Stadtwanderung Ochsenbein 6: Das doppelte Grundgesetz

Wir stehen vor dem «Restaurant zum Äusseren Stand». 1831 wurde hier die liberale Kantonsverfassung erarbeitet, und es war 1848 der formelle Tagungsort der Verfassungskommission. Am 12. September 1848 wurde hier die neue Bundesverfassung unterschrieben.

Die Entscheidung, das Volk über die neue Verfassung entscheiden zu lassen, war ein notwendiges Wagnis. Denn man stellte sie als Revision des Bundesvertrags von 1815 dar. Dieser sah jedoch gar keine Revisionen vor und postulierte die alleinige Souveränität der Kantone, vertreten von der Tagsatzung. Vom Volk war damals noch nirgends die Rede. Zudem war der Vertrag von Grossbritannien, Russland und Österreich verfügt worden, – ohne Schweizer Beteiligung. Jetzt wollte man die Verfassung eines souveränen Staates in Kraft setzen. Dafür braucht es die demokratische Legitimation.

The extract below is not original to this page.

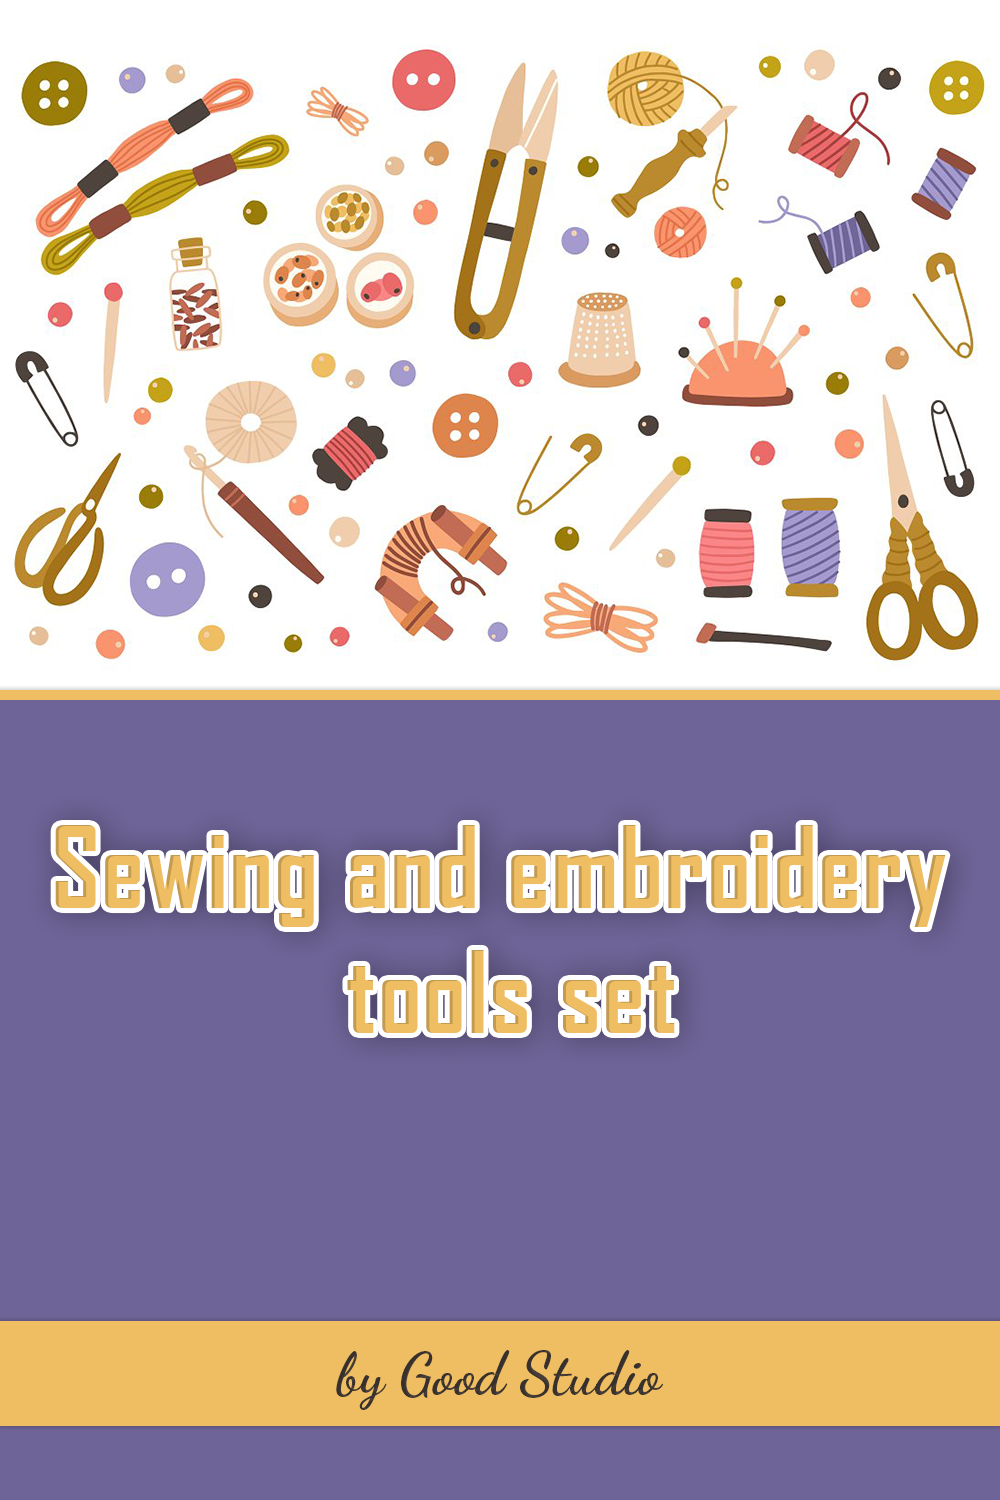 Sewing and embroidery tools set of pinterest.

Ganz so sicher, war sich die letzte Tagsatzung allerdings nicht. Die Vertretung der Kantone musste einstimmig entscheiden. Doch genau dies hatten die die Kantone nicht getan.
Wie entscheiden?
Hätte die Nation und der Bundesstaat schon bestanden, hätte die Mehrheit entschieden. Und die Minderheit hätte sich fügen müssen. Da würde sie das auch ohne die Voraussetzung machen?
Dreieinhalb unterlegene Kantone akzeptierten die mehrheitlich Entscheidung der Stände und der Völker. Drei blieben hart: Uri, Schwyz und Obwalden. Sie mussten zur Mitgliedschaft im Bundesstaat gezwungen werden.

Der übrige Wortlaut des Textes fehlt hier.